US stocks ended the day lower after Treasury Secretary Steven Mnuchin expressed doubts about securing a stimulus deal ahead of next month's presidential election.
The S&P 500 fell 0.7 percent, wiping out previous gains, while the tech-heavy Nasdaq Composite fell 0.8 percent. Amazon and Netflix fell more than 2 percent, while Facebook and Adobe fell more than 1 percent.
Mr Mnuchin said that despite progress in talks with Democrats, the two sides remained "far apart" on certain points in an agreement. His comments came during a conference held by the Milken Institute on Wednesday. The prospects of reaching a deal before the November election have slowly deteriorated over the past few weeks despite ongoing negotiations between Mr Mnuchin and Nancy Pelosi, Democratic Speaker of the House of Representatives.
"We are still making progress on certain issues," said Mnuchin. "We are still far apart on certain issues."
Bank stocks fell despite encouraging signs from the third quarter result. The KBW bank index fell nearly 2 percent, dragged down by Bank of America, which lost more than 5 percent, and Wells Fargo, which fell 6 percent.
The decline for the S&P 500 was due to the large-cap index gaining nearly 4 percent last week, as polls predicted a decisive November election victory for Joe Biden, Democratic challenger to President Donald Trump. A victory for the former vice president increases the prospect of further fiscal stimulus.

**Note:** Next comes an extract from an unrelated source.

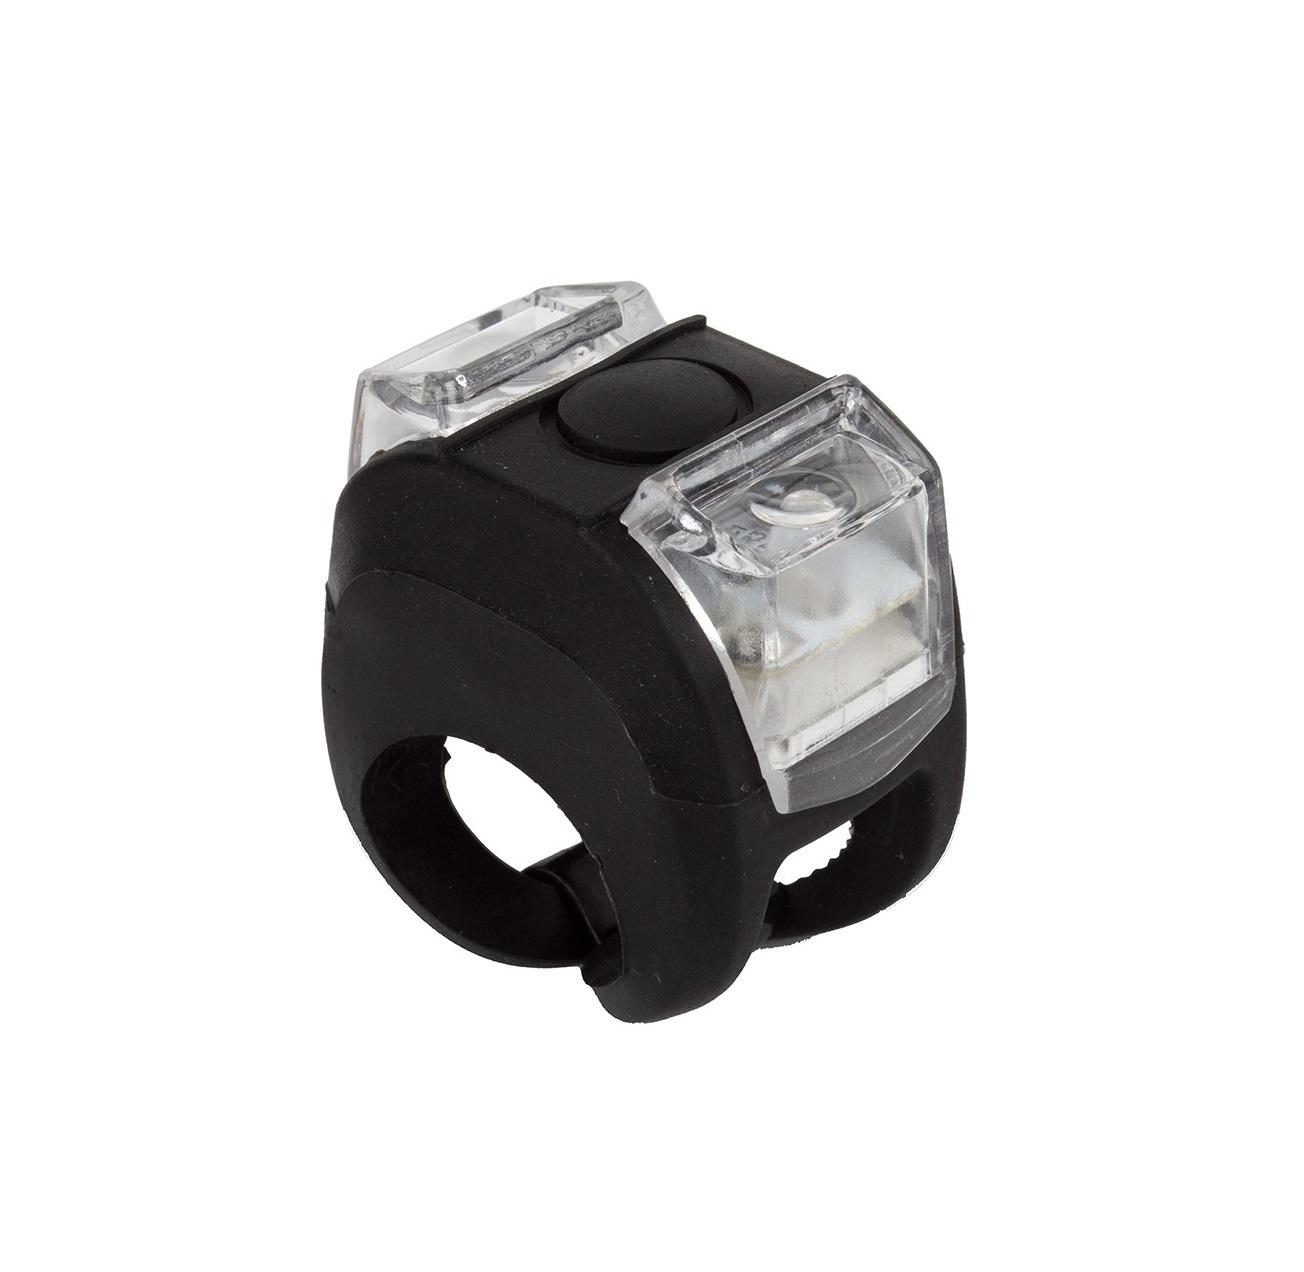 Sunlite Omnigrip Headlight Battery Powered

The stocks were also hit by news that pharmaceutical companies Johnson & Johnson and Eli Lilly were halting trials of an experimental Covid-19 vaccine and therapy, respectively, for safety reasons.
The regional Europa Stoxx 600 ended the day flat and the UK blue chips FTSE 100 benchmark fell 0.6 percent.
The pound sterling has been chopped off and widely traded ahead of a summit where EU leaders will discuss their future trade relations with the UK.
The pound fell 0.5 percent against the dollar to $ 1.2869. It then reversed course, rising 0.7 percent to $ 1.3027 after a Bloomberg report indicated that the UK would stay on talks after the October 15 deadline.
Against the euro, the pound sterling rose 0.7 percent to 1.1086 euros, after falling 0.3 percent on the day to 1.0981 euros.
At the EU summit, which begins Thursday, European leaders are expected to forge their own negotiating plan with Britain as the deadline for Britain's exit from the single market and the bloc's customs union is December 31.
"The more time goes by, the more likely it is that no deal will be reached," said Peter Westaway, Vanguard's chief economist for Europe.
But he added that the difference between no deal and a basic trade deal that meant no tariffs or quotas but kept supply chain disruptions was "small".
Ian Tew, a sterling trader at Barclays, said that while the pound is very sensitive to signs of Brexit sentiment, "the market is reacting and recognizing the risk of a no-deal".
"The recent rhetoric and no-deal phrase are being voiced quite a lot," he added, expressing concerns that "these conversations are adding to further negativity."
In the debt markets, traders continued to grab bonds from economically weaker eurozone countries in the expectation that the European Central Bank would expand its system of buying securities to bolster financial stability through the pandemic.
The yield on 10-year Italian bonds, which is moving in reverse to prices, was a record low of 0.655 percent. Greece's 10-year bonds followed the same pattern, returning 0.757 percent.
Italy first issued bonds on Tuesday that do not pay interest to buyers. With consumer prices falling in the euro zone and rising coronavirus cases, investors are counting on the ECB to increase the size of its pandemic emergency purchase program from currently EUR 1.35 billion in the coming months.